Выскочил из комнаты легендарный всеэтажник Владимир Ильич. Не знает ответа и потому убежал от ответа?
– Ну! – отважисто начинает отвечать Татьяна.
– Медведев тут же её осаживает:
– Ну что ну? Ну – это не объяснение!
– Вы не дали сказать… Ну… Мелкий камень, щебёнка там…
– А что такое щебёнка?
Все ещё сильней обхватывают головы. Думают теперь уже про щебёнку.
Медведев хмыкнул:
– Занятно… Пишется через е. Щебёнка. А произносится через и. Щибёнка. Выскочили щи! А там, глядишь, пожалует и суп… Может, я схожу чаю попью? Да?
И парни за столами, и тараканы за плинтусами, и пылинки на столах и над столами в один голос радостно простонали:
– Да! Да!! Да!!!
И после полдника продолжение следует. Медведев сумрачно сидит за столом. Игорь опять подходит к медведевскому столу. Ждёт ясного, конкретного ответа.
Тут влетает всеэтажный Владимир Ильич с толстенной книжищей и ликующе вопит:
– Александр Иванович! В библиотеке я перелопатил тонну справочников. Вот! Принес политехнический словарь. Слушайте! Читаю всем!
– «Гравий – материал, добываемый из рыхлых залеганий, образовавшихся в результате естественного разрушения извержённых, осадочных или метаморфических горных пород. По происхождению гравий разделяется на речной, морской, озёрный и овражный. По форме зёрен различают гравий щебневидный (малоокатанный), яйцевидный (окатанный), игловатый, пластинчатый. По крупности зерён гравий различают на мелкий от 5 до 20 мм, средний – свыше 20 дл 40 мм, крупный – свыше 40 до 150 мм».
– Вот это дело! Чётко, ясно! – похвалил услужливого Владимира Ильича Медведев.
Зато Игорь так и не дождался от него вразумительного ответа.
Ближе к вечеру позвонила Олегу Татьяна. Она на сессии Верховного Совета. Звонила из кабинета прессы.
– Ну, – говорит Олег, – ты с делегатов ещё не сорвала ни одного значка для меня? Что там делаешь? Давишься бутербродами с икрой?

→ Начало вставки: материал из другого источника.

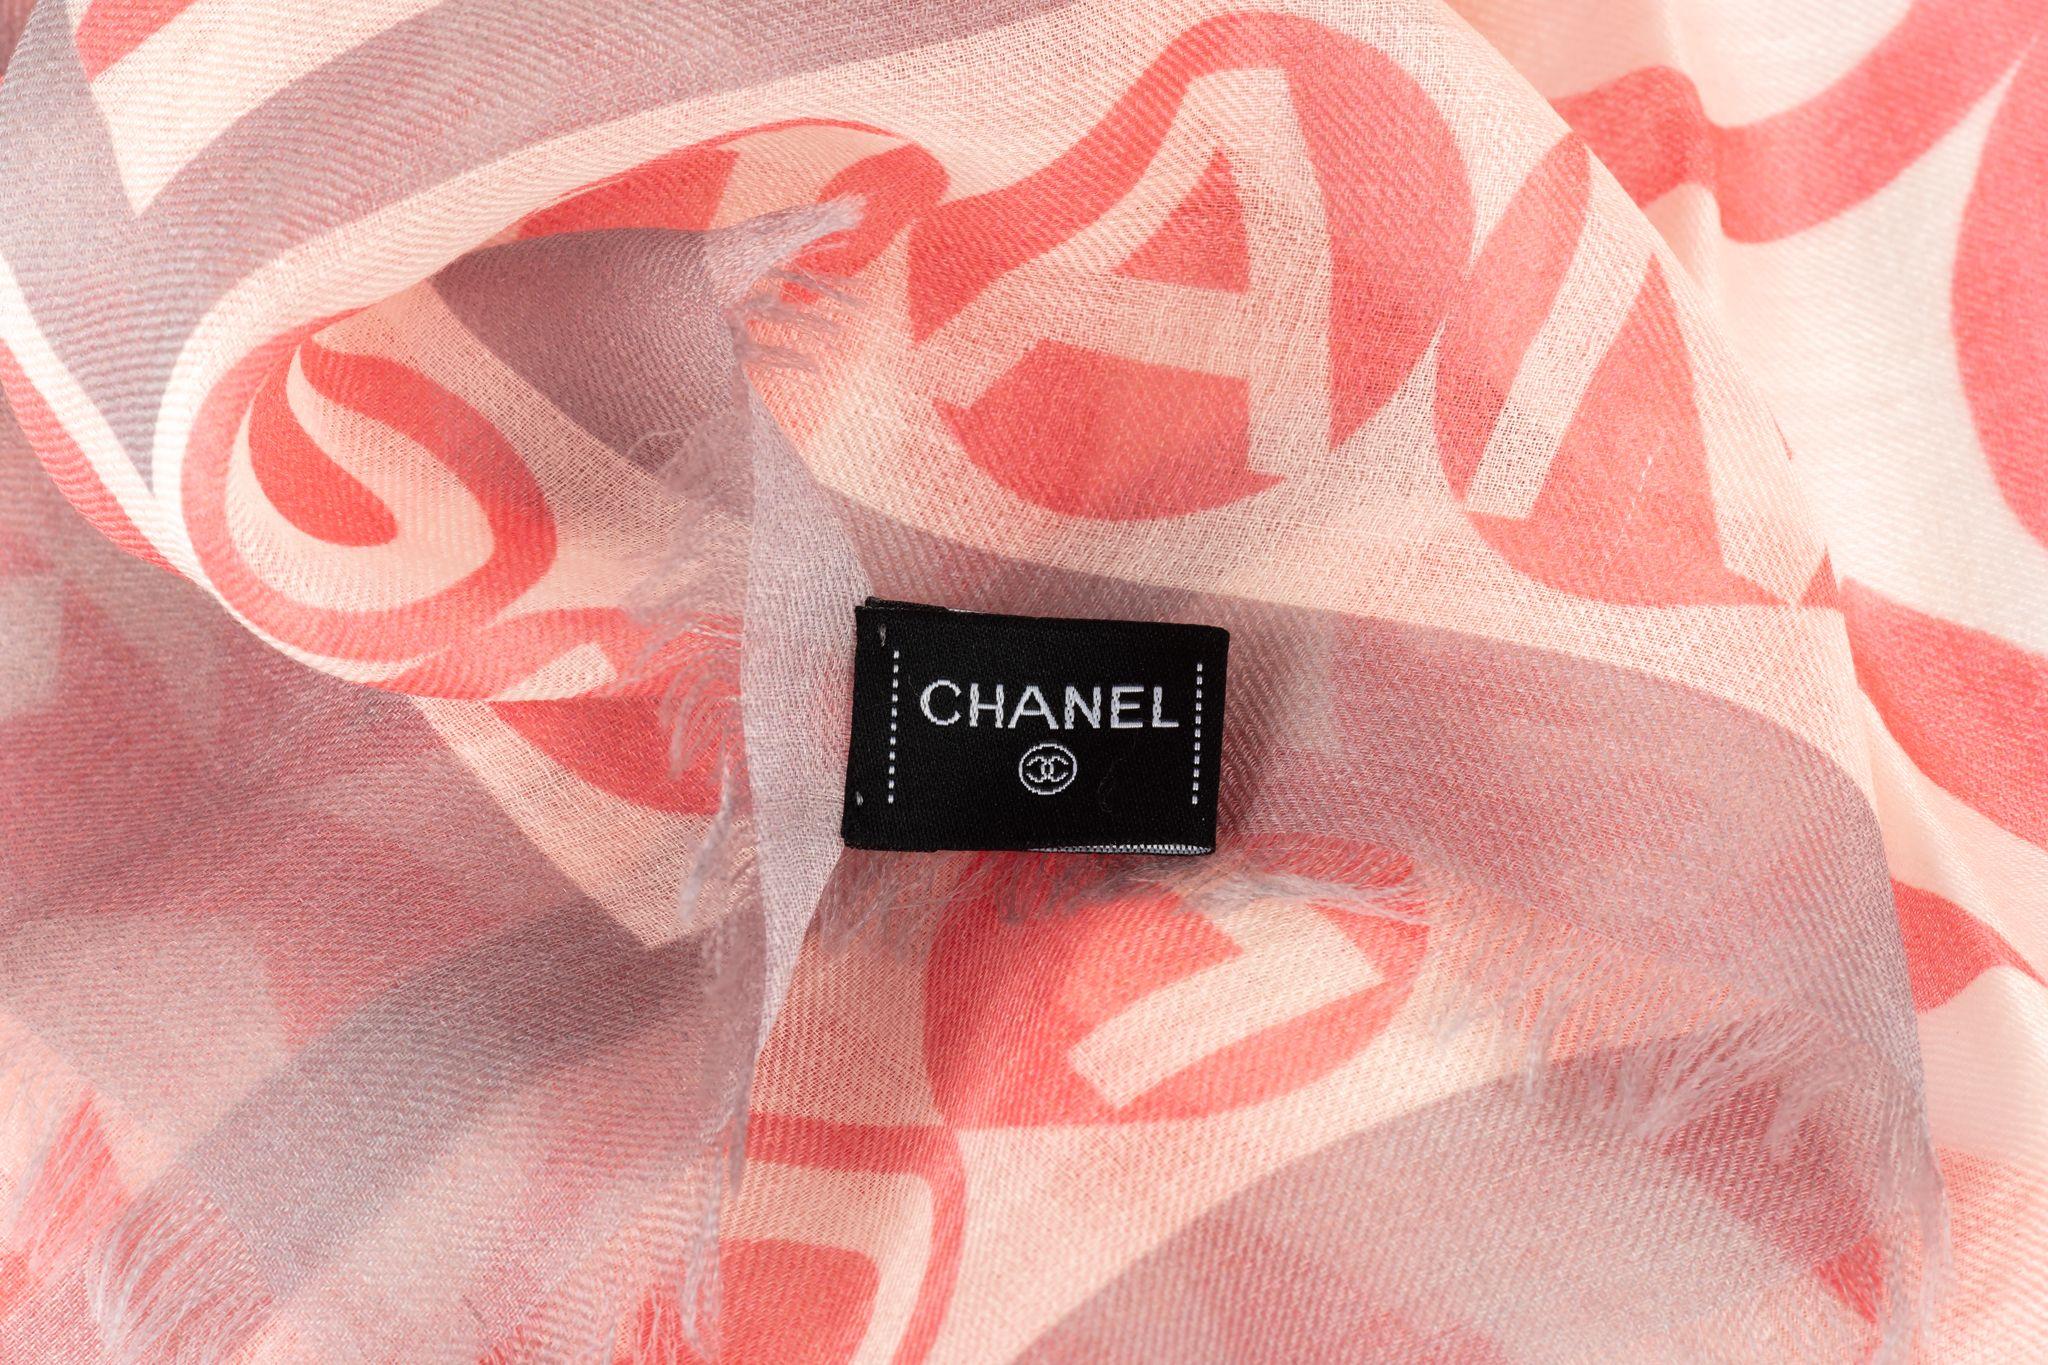 Chanel neuer Kaschmirschal mit mehreren Schriftzügen. Kombination aus Rosa, Grau und Weiß. Pflegeetikett angebracht.
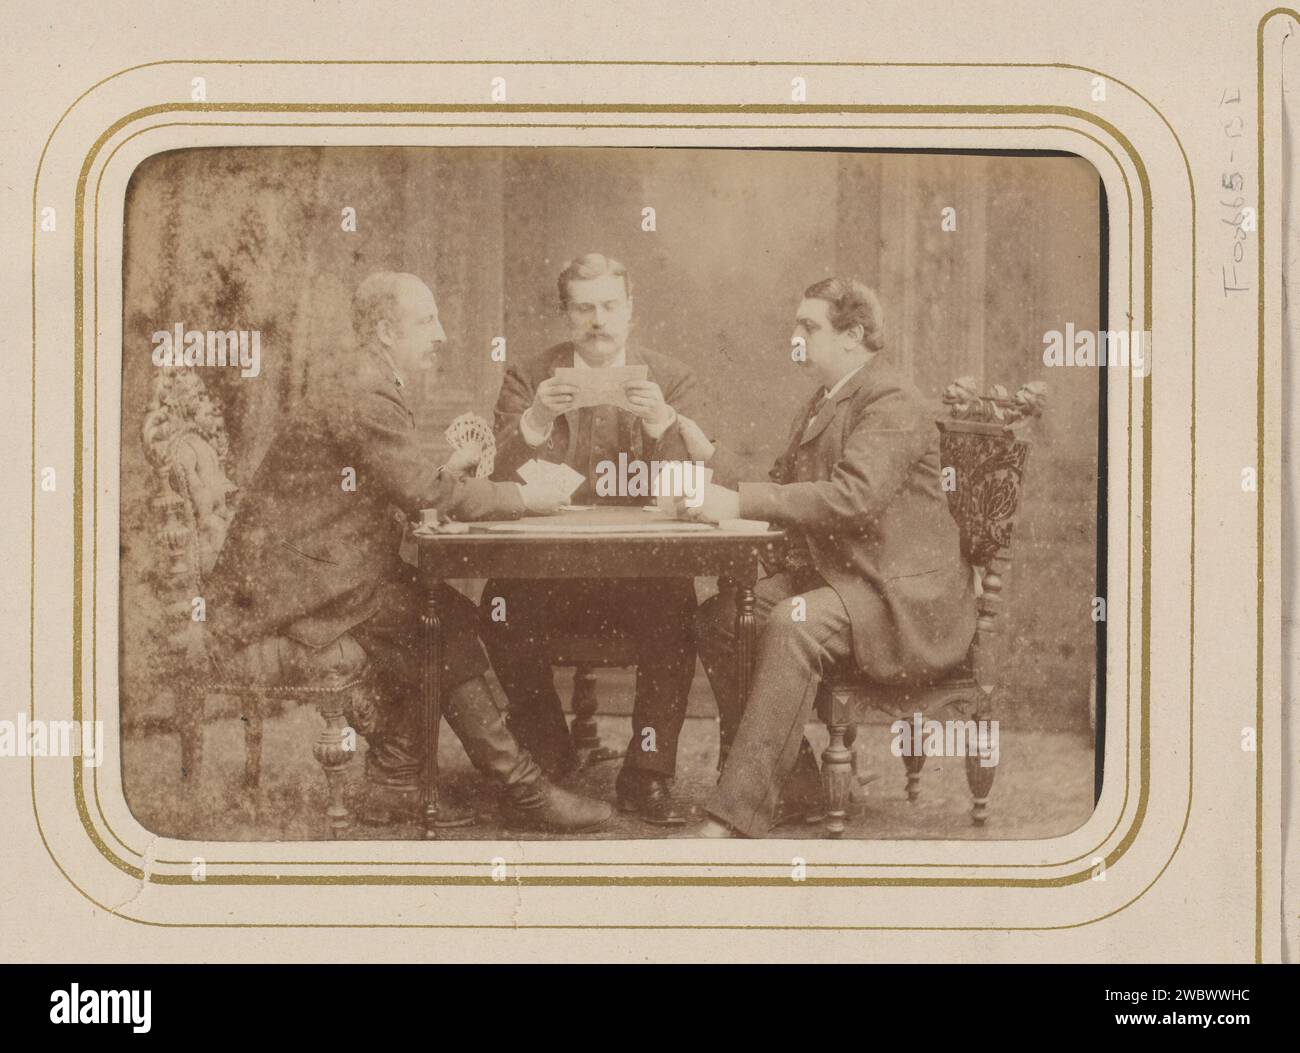 Gruppenporträt von drei Männern Kartenspiel und Lesen, Carel Eduard Westerborg, 1861 - 1890 Foto. Cabinet Foto dieses Foto ist Teil eines Albums. Arnheim-Karton. Fotografische Trägeralbumen drucken anonyme historische Personen, die in einer Gruppe dargestellt werden, in einem Gruppenporträt. Spielkarten Stockfoto

Ну-ну!
17 декабря
Поцелуй
Вечер.
В кусковском гастрономе пьяный амбал поднял у кассы палец над головой:
– Ну! Кто в помощники? Двое! Голосую!
И курносой продавщице:
– Не люблю курносые носы. Люблю прямые, откровенные.
Продавщица обиженно насупилась:
– Иди! Иди! Гуд бай!
– Я не бык. Я из Владивостока. А ведь ты кривая. Будто только что тебя с лошади сняли. А ну пройдись. По одной досточке!
У моей хозяйки, у 71-летней дамы Марьи Александровны, или, как она себя любит называть, у обнажённой Махи, снова гости. Звон стаканов, хмельные голоса.
Я слушаю по «Маяку», как Весник читает мой перевод рассказа Чечвянского «Оскудение», и чищу картошку для супа с бараниной.
Еле вползает Маха с накрашенными жабьими губами. Дышит тяжело, прихрапывая.
– Извини, – целует меня со старческим пристрастием в щёку. – Прости, Толя. Я снова выпила.
– Ну что вы! – креплюсь я. – Все пьют.
– Вот тиранишься с картошкой… А то б плясал, а жена чистила… Привёл бы какую-нибудь…
– Не идут. По путёвке комсомола направили б какую…
– Ничего. Мы тебя тут женим.
– Вы меня не запугивайте! Меня нужно приручить, убедить в необходимости…
– Ну чего словами вожжаться?! Одно слово: женим! Этого греха враз найдём!
– Ну да.
– Кать! – стучит она в фанерную стенку соседке. – Не слушается.
Из-за стены скрадчивый совет:
– А ты его ремешком, ремешком. Это не помешает.